* _Task to carry out_:
A faithful transcription of all the data, images excluded, is the required answer.

** Supplied data follows **

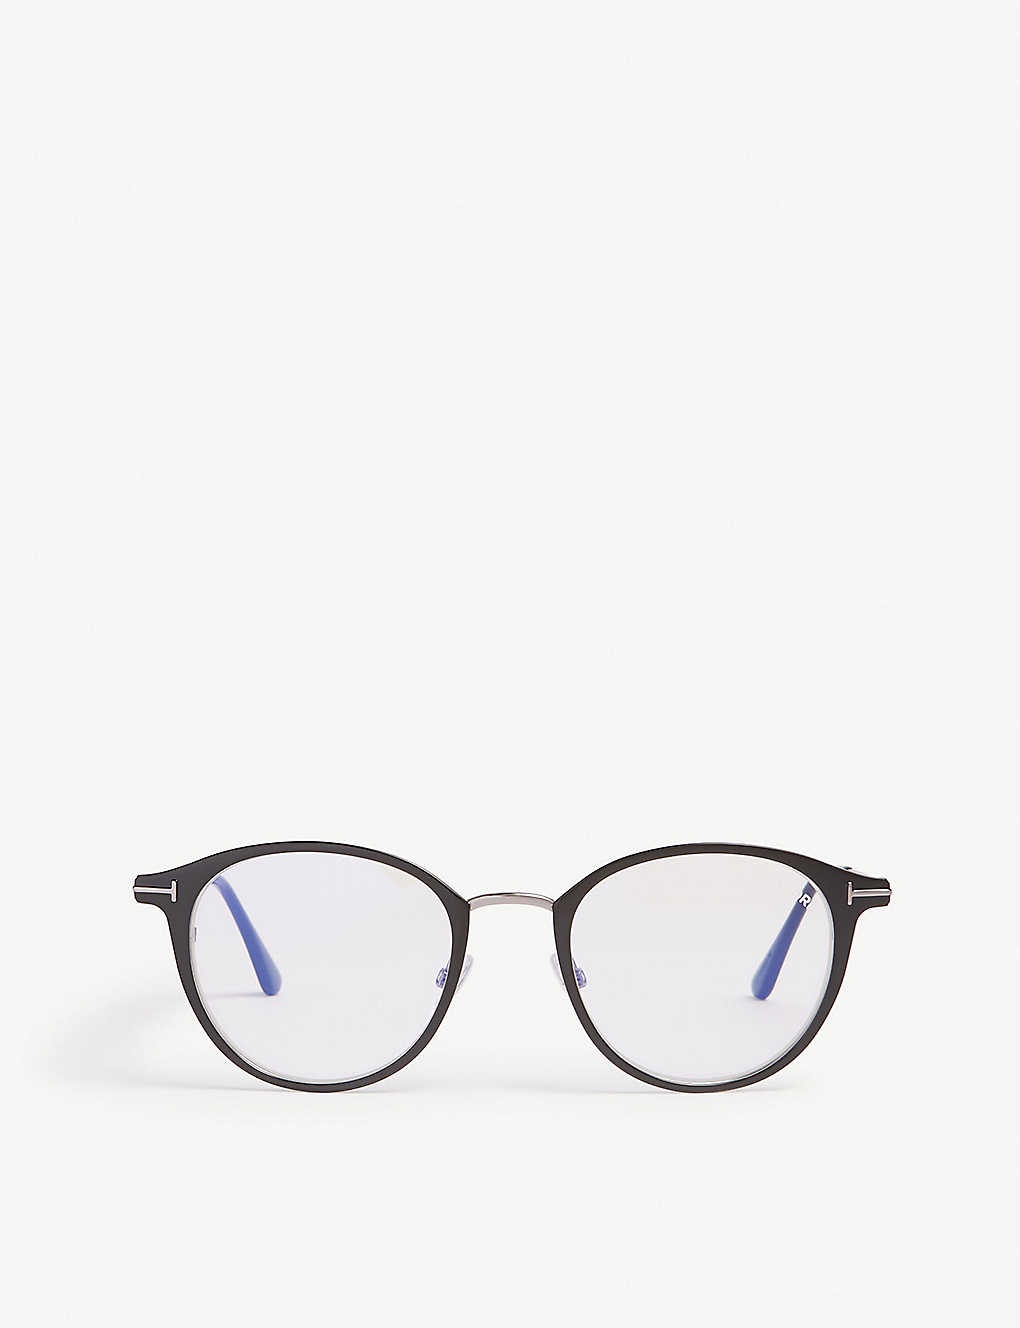 Tf5528-B phantos frame optical glasses - 1
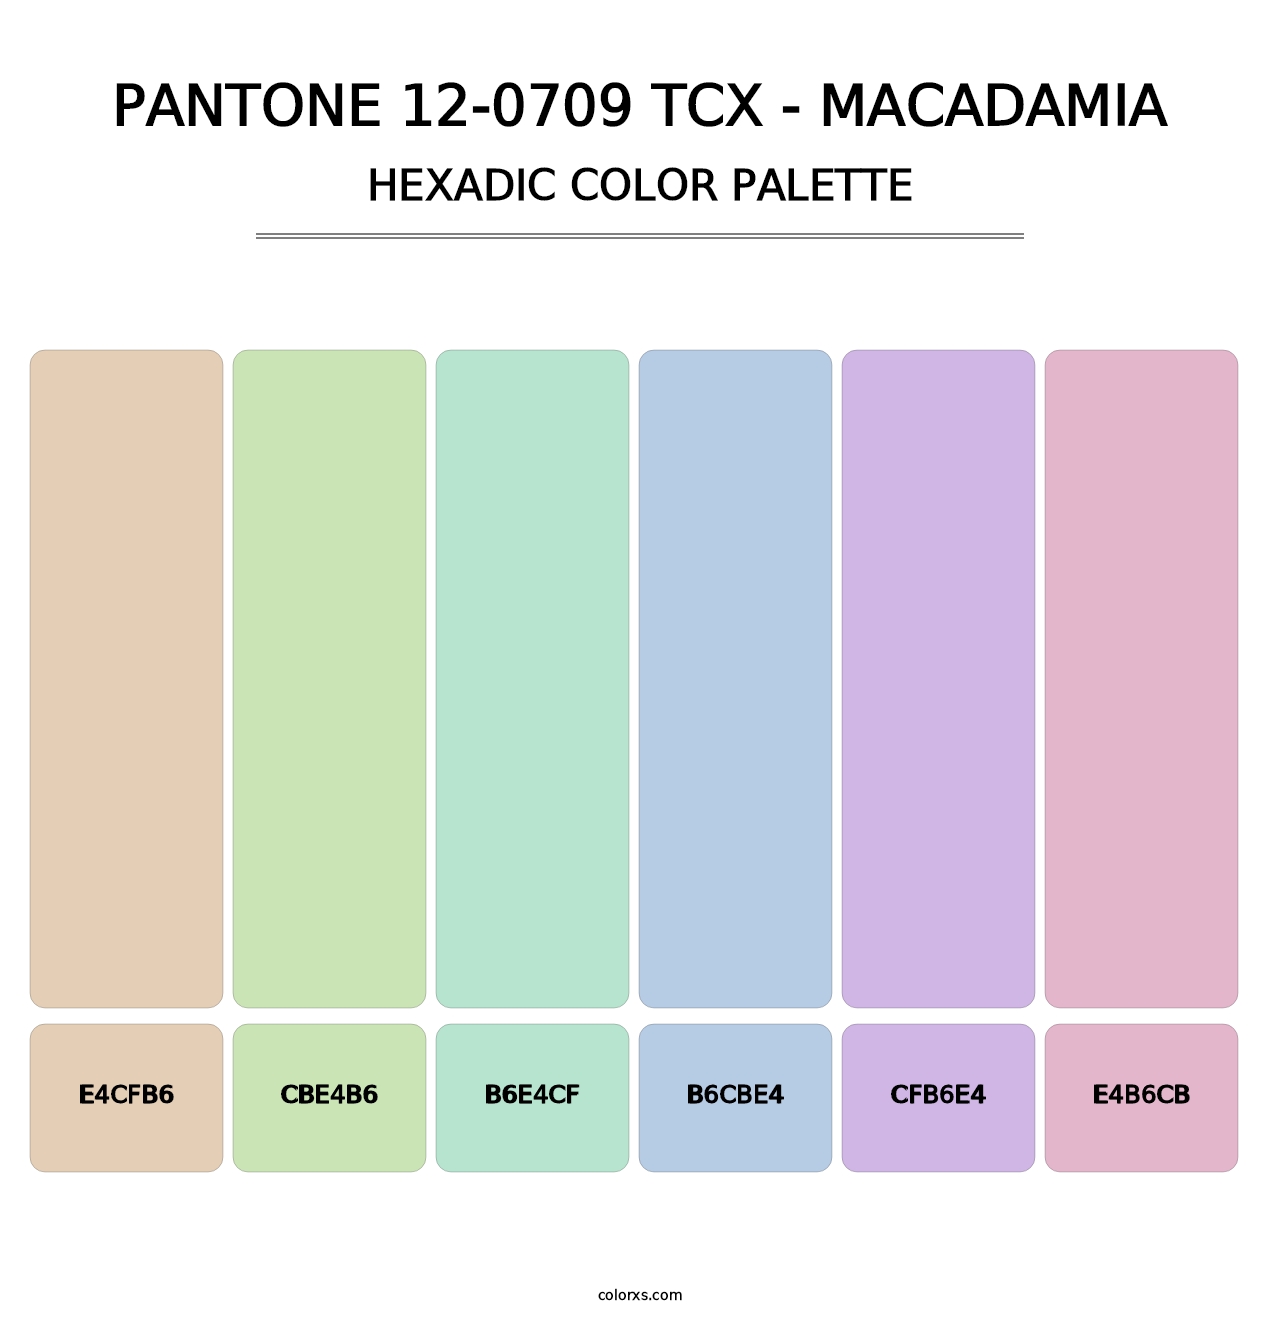 PANTONE 12-0709 TCX - Macadamia - Hexadic Color Palette
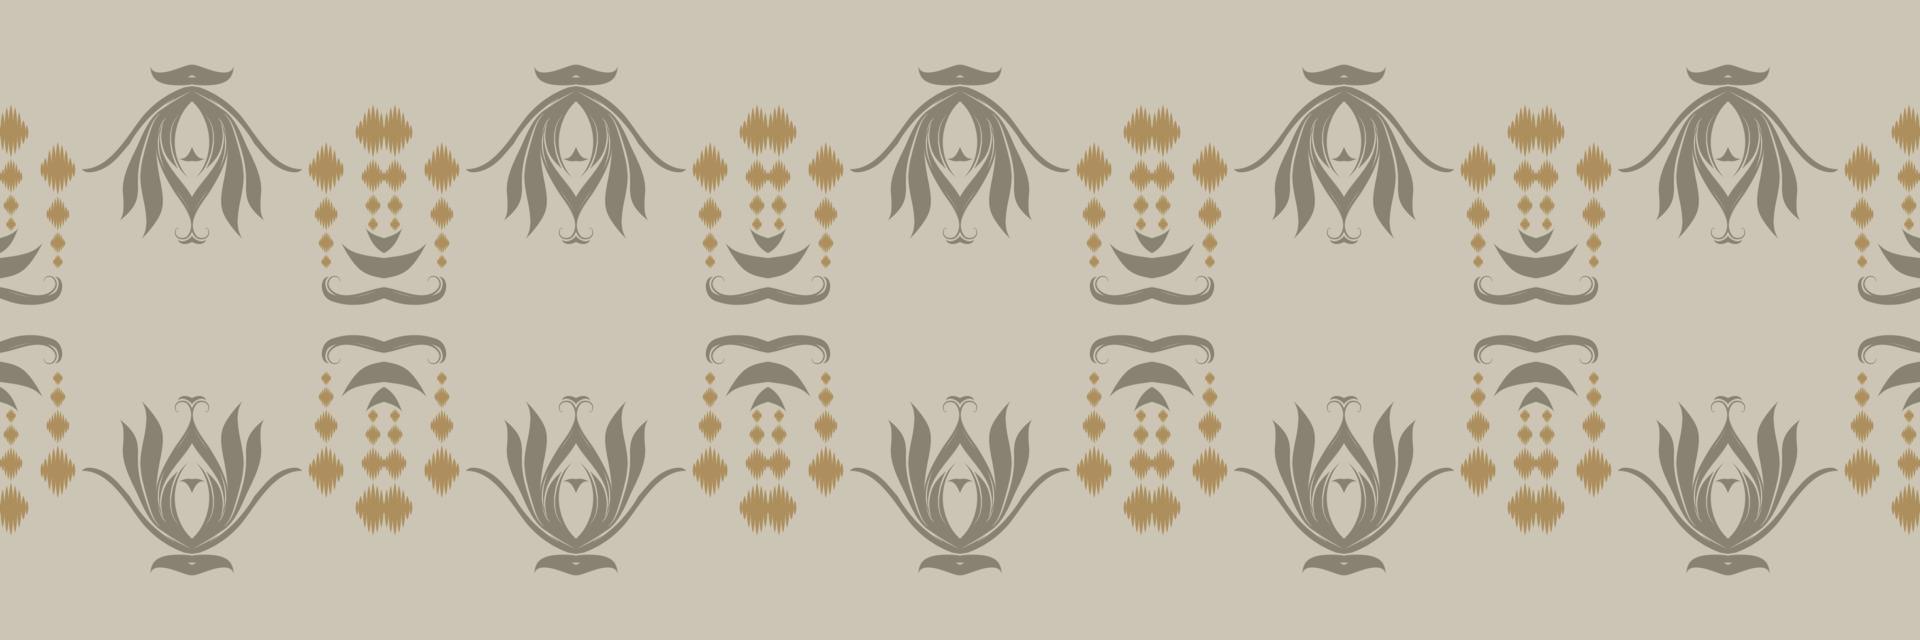 motiv ikat damast- batik textil- sömlös mönster digital vektor design för skriva ut saree kurti borneo tyg gräns borsta symboler färgrutor bomull

** End of Supplied data **

* _Solution to this task_:
 Tf5528-B phantos frame optical glasses - 1
 PANTONE 12-0709 TCX - Macadamia - Hexadic Color Palette
 motiv ikat damast- batik textil- sömlös mönster digital vektor design för skriva ut saree kurti borneo tyg gräns borsta symboler färgrutor bomull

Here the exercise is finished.